There was a state-at-home order by the Indigenous Peoples of Biafra (IPOB) for Nigerians of Igbo extraction to mark the 50th anniversary of the declaration of defunct Biafra Republic and a reaction by some Arewa youth groups serving quit notice to Southeasterners to vacate the North on or before Nigeria’s Independence Day of October 1st.

As the polity was being heated to a near-boiling point, various other separatist groups from the Niger Delta region and across the country, began issuing quit orders to other nationalities to leave or face extermination.

And to prepare more incendiary materials for a nation waiting for conflagration, a hate song against the Igbo was making the waves in the north, ostensibly preparatory to the execution of the quit order which the authors insisted, was going to be executed.

It could be recalled that the terrible experience of ethnic cleansing between the Hutus and Tutsi nationalities in the East African country of Rwanda, globally referred to as the Rwandan genocide, during which thousands of lives were lost and which attracted international judicial sanctions, started with a hate song.

The social media became an avenue of divisive comments and hate speeches that the Federal Government toyed with the idea of creating punitive measures for comments that tend to instigate civil unrest or promote anything that can lead to or sustain agitation.

With the rising ethnic tension serving as an opportunity to ask the national question, a robust debate about Nigeria as a nation focusing on where the country took the wrong step and how to get out of the doldrums with clear-cut solutions, was engendered by prominent Nigerians across regional, ethnic and political divides.

Even the president’s party, the ruling All Progressives Congress (APC) could no longer play the deaf as it set up a committee headed by Kaduna State governor, Ahmed el-Rufai, to look into all the issues around restructuring and recommend a course of action for a party that had earlier included the matter in its manifesto.

For a country that was being dragged into the precipice through a repeat of the unfortunate actions that led to a 30-month destructive civil war, it was expected that President Buhari, in his arrival broadcast yesterday, followed the old path of his predecessors by insisting that, no matter what, “Nigeria’s unity is non-negotiable.”

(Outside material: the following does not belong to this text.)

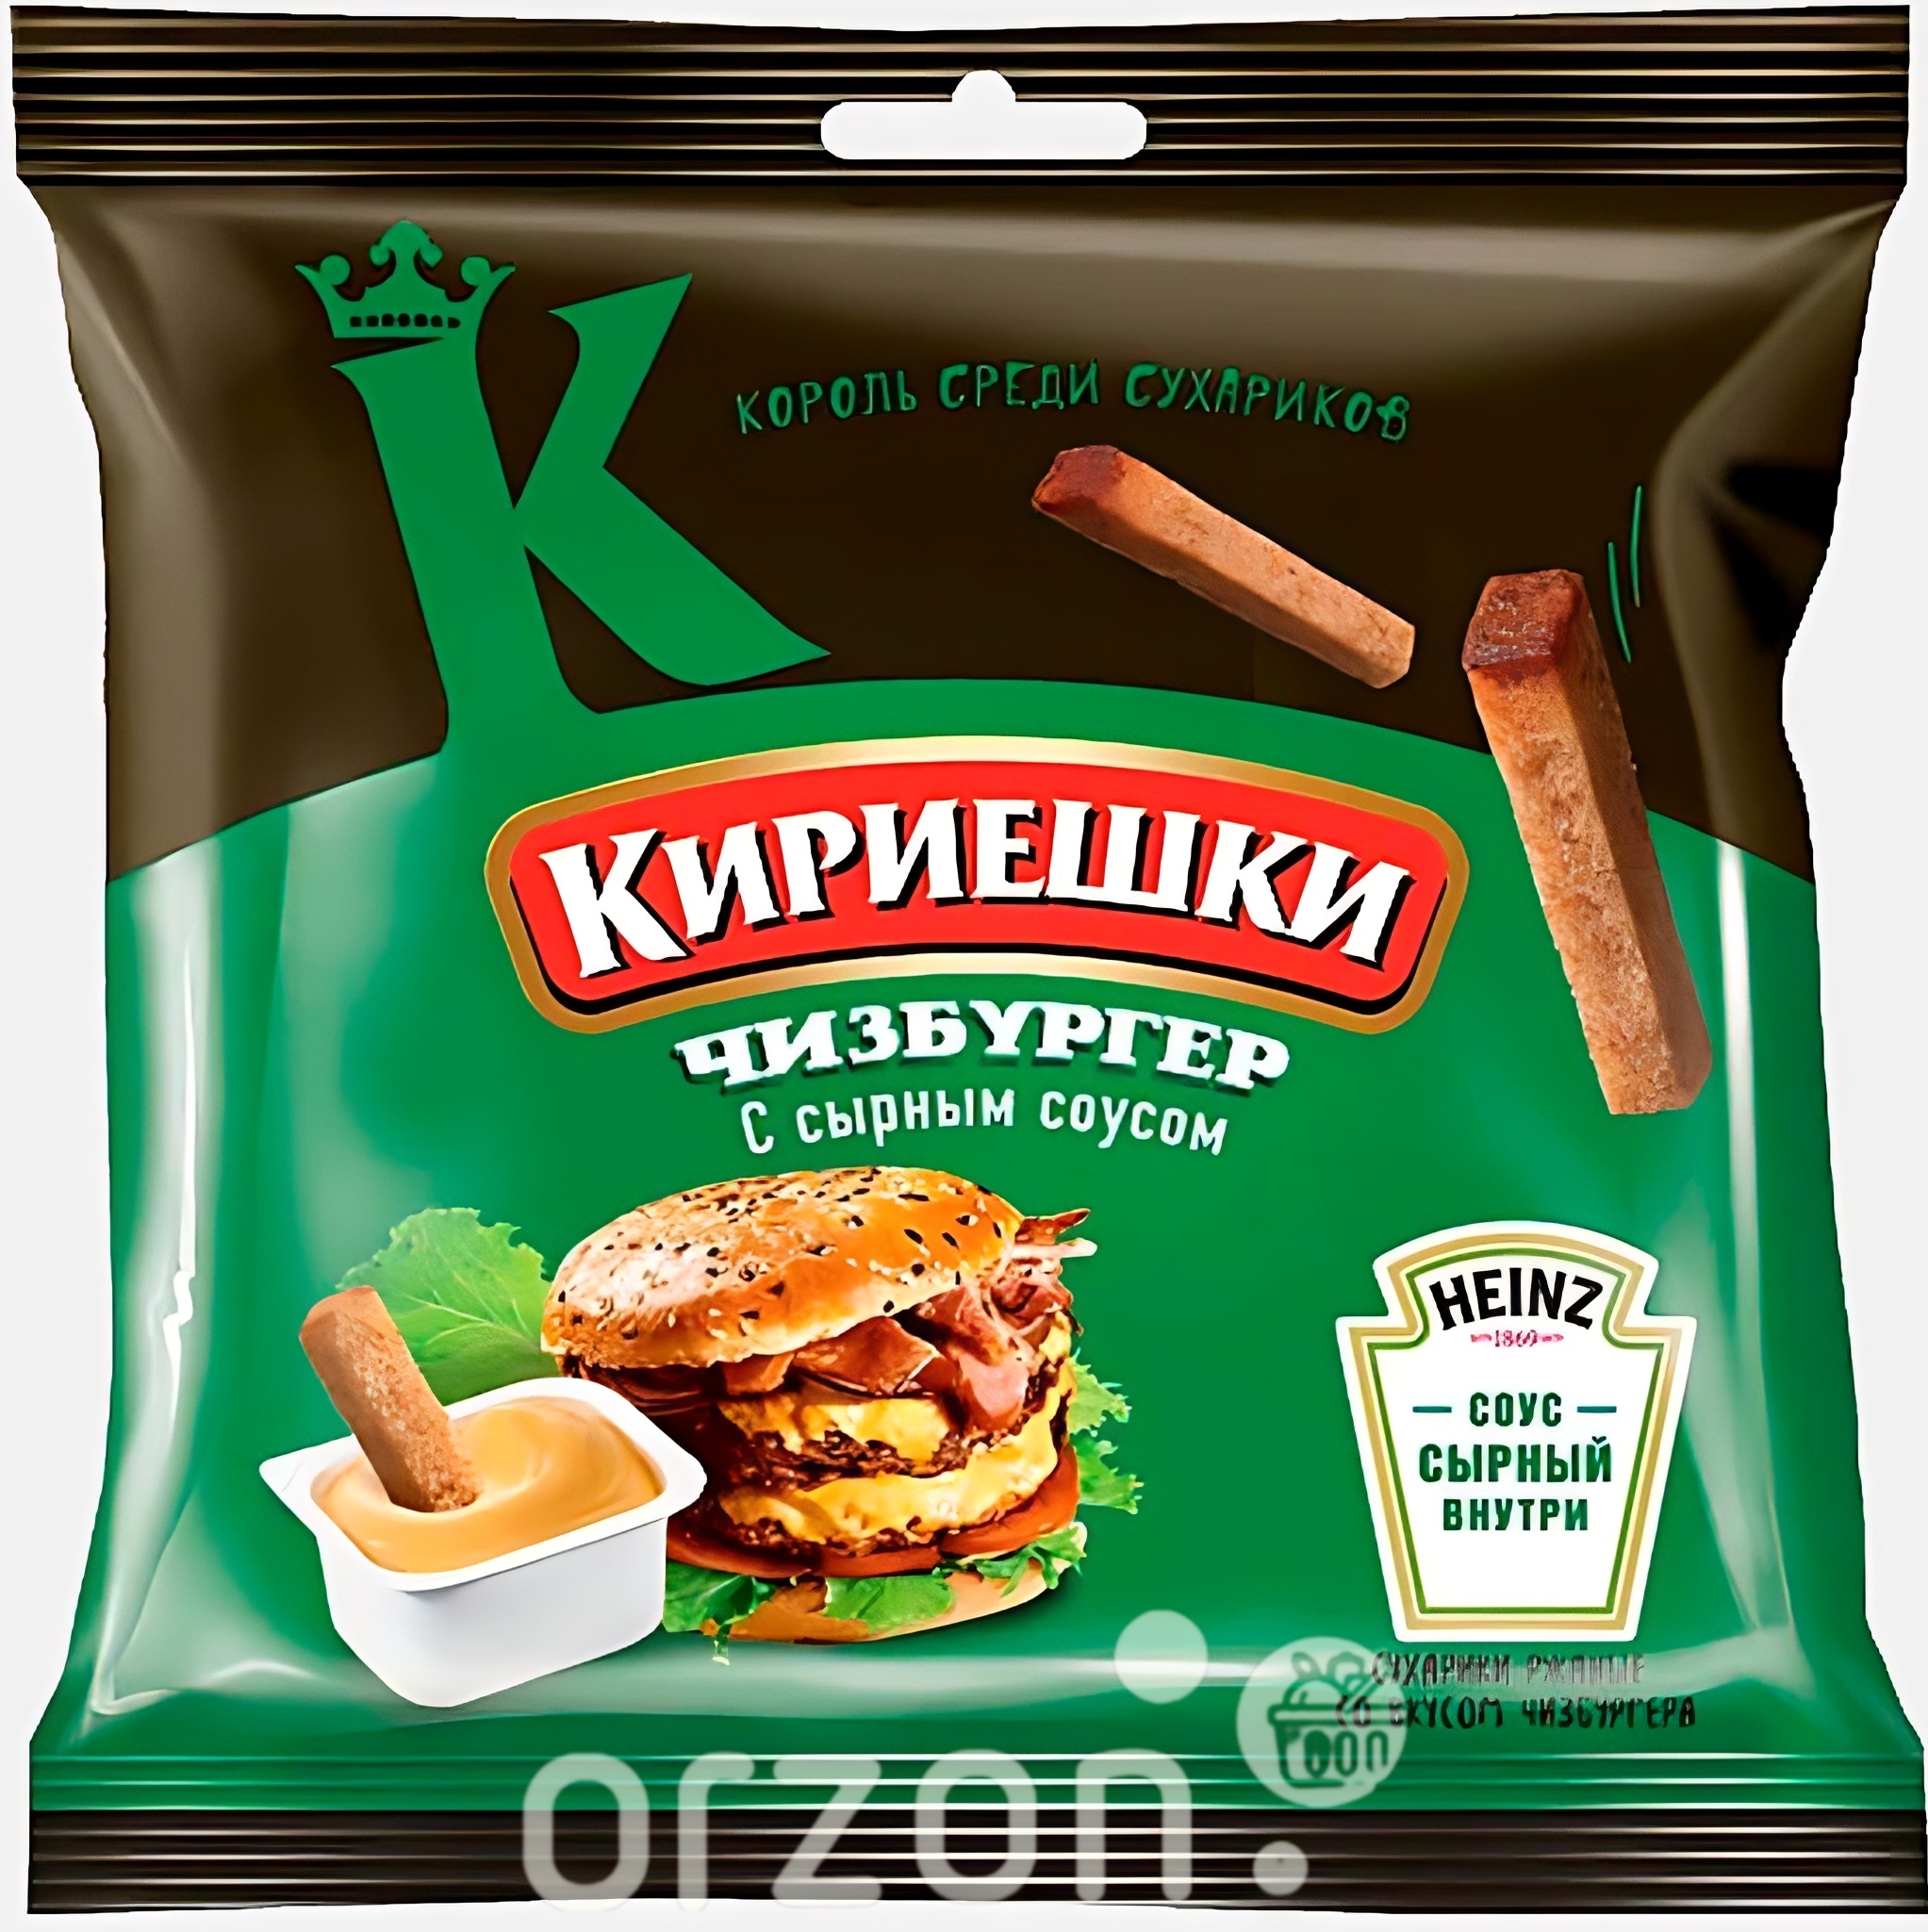 Сухарики "Кириешки" Чизбургер с сырным соусом 60 гр

As one of the former military rulers that toppled the apple cart by staging coups and counter coups that led to the destruction of the original federal structure and fought a war to unite the country, Buhari spoke in the old hard ways of decreeing unity into existence.

Right from the days of General Yakubu Gowon, the refrain from Nigeria’s cycle of rulers, which with the exception of late President Umaru Musa Yar’Adua and former President Goodluck Jonathan, are military men who were there when the blocks of unity were being forcefully cemented together, had always been “Nigeria’s unity is non-negotiable.”

Indeed, this crop of leaders who were in the frontlines of the war to unite Nigeria both in the battlefield where they lost limbs and went through the trauma of seeing friends and colleagues dying and the corridors of power where they used the instrumentality of state authority to bring unity on an entity once described by late Obafemi Awolowo as a “mere geographical expression,” cannot bring themselves to the reality of undoing what they fought to entrench.

Recent pronouncements by main actors in the Nigerian leadership drama like General Ibrahim Babangida and Yakubu Danjuma on the reasons why the country should be restructured and the need to douse religious tension, have however lend credence to the fact that it is high time that a second look is taken at the formation of the nation to address imbalances that are causing tensions.

Many prominent Nigerians like Nobel laureate, Professor Wole Soyinka and top diplomat, Emeka Anyaoku, two respected international voices, have also called for a renegotiated Nigeria. While Soyinka insisted that the country’s unity is not sacrosanct, Anyaoku and many others wanted a national discussion that would open a new vista of nationhood for Nigeria.

Through Buhari’s speech, it was clear that the president, rather than shift ground from the old position and agree that there are indeed problems that a gathering of Nigerians can resolve amicably, is still fixated on the old ways of non-negotiable unity.

According to Buhari, asking questions about Nigeria’s unity or querying the modalities of the union in such a way to threaten national unity or co-existence of the various entities in the country as a unified entity is like “crossing a national red line,” describing such move as a “step taken too far.”

The president however addressed some of the issues raised by the agitations and sounded a note of warning to “irresponsible elements” who in this contest refer to separatist groups and those giving quit orders stressing that “every Nigerian has the right to live and pursue his business anywhere in Nigeria without hindrance.”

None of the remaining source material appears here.